The motivation to take control is to enhance the value of its investment for Liberty stockholders. Liberty stockholders clearly benefit from the RMT and Liberty avoiding a tax liability. Liberty stockholders could also benefit from extracting a premium from Sirius XM in the form of a larger ownership percentage for Liberty shareholders, or attaching debt or a dividend to the transaction as it is doing with Starz. Maffei made this comment relative to Starz:
Well, I think we are going to send [Starz] out with more leverage than it currently has today. Our expectation is that we'll pay a dividend of at least $1.8 billion up to between its existing cash at Starz and the availability of the revolver.
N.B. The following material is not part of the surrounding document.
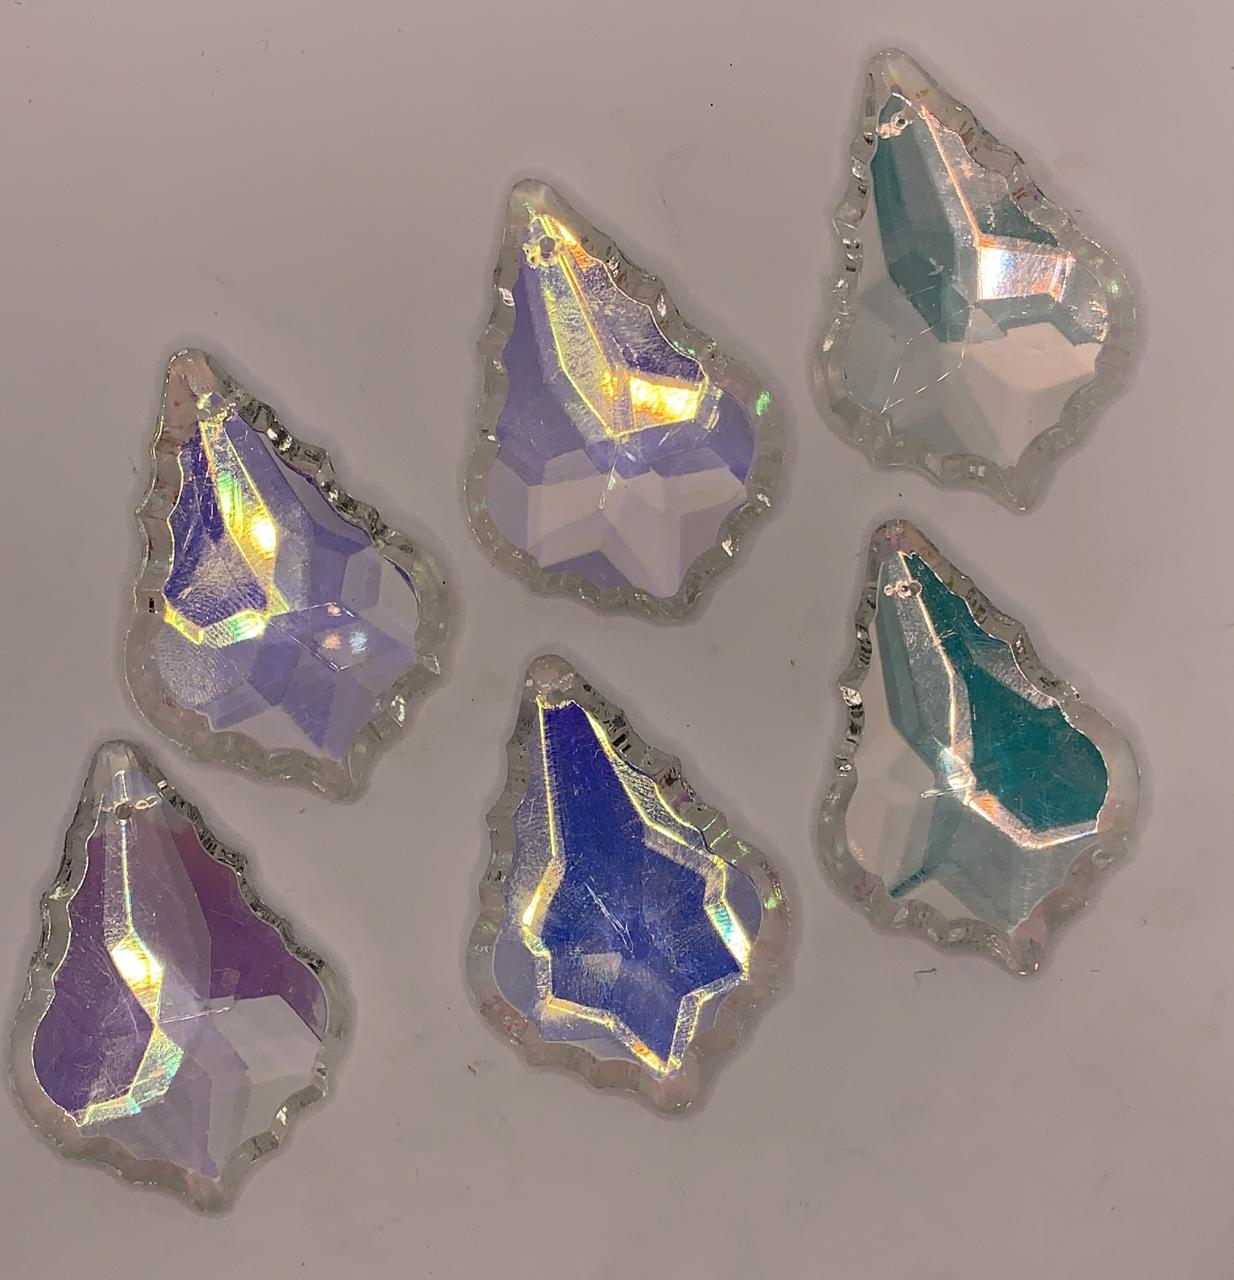 Cristal Vidro - Modelo Pingente Bacalhau - 50x35mm - Cristal Irisado - Unidade

Liberty will focus on Liberty investors and worry less about its Sirius XM asset after it is separated from Liberty.
A Logical Scenario
If Liberty is to avoid taxes, Liberty needs to be granted permission to go to de jure control of Sirius XM and then Liberty needs to go to a majority position and set up a Reverse Morris Trust. How does Liberty accomplish this in 18-24 months? Liberty would begin loading Sirius up with debt to begin an expensive share buyback program. The buyback program needs to be significant enough to acquire the Liberty "high basis stock" and "get the bait back on the 11 points," as well as an equivalent number of non-Liberty shares to keep Liberty's ownership over 50%.
Liberty is no stranger to complex financial transactions, and its relationship with Sirius XM has many moving parts that are going to interact with each other. These include FCC approval, the fundamental change provisions of the 7% note, tax avoidance and the RMT. So, despite comments about participating in share buybacks to keep its investment below 50%, I don't see this happening unless their FCC application is rejected.
Overlay Liberty's objectives with the potential for changes in the tax laws, including bills that have been introduced to "restrict benefits of Reverse Morris Trust transactions by removing incentives to sell off assets tax free by creating spinoff companies that assume large amounts of debt," and there could be a desire to sell its shares into the buyback and spin out the Sirius XM asset quickly. And the faster it is spun out, the less time Sirius will have to generate cash and the more debt that will be needed for the purchase. Loading up Sirius XM with billions of dollars of new debt, while perhaps manageable, is hard to see as a plus for Sirius XM investors.
And none of this really addresses how the idea of a premium for Liberty would impact the share price of Sirius XM.
Disclosure: I am long SIRI. I wrote this article myself, and it expresses my own opinions. I am not receiving compensation for it (other than from Seeking Alpha). I have no business relationship with any company whose stock is mentioned in this article.
Additional disclosure: I have $3 January 2013 covered calls against most of my Sirius position, as well as some $2 and $2.50 January 2013 and $2.50 December covered calls. I may initiate (or close) a buy stock/sell option position in Sirius, at any time. Also, in addition to long term holdings, I have recently begun day-trading 10,000 share blocks of Sirius XM and may continue to do so. I have no positions, or any plans to open positions in the next 72 hours, in any of the other companies mentioned in this article.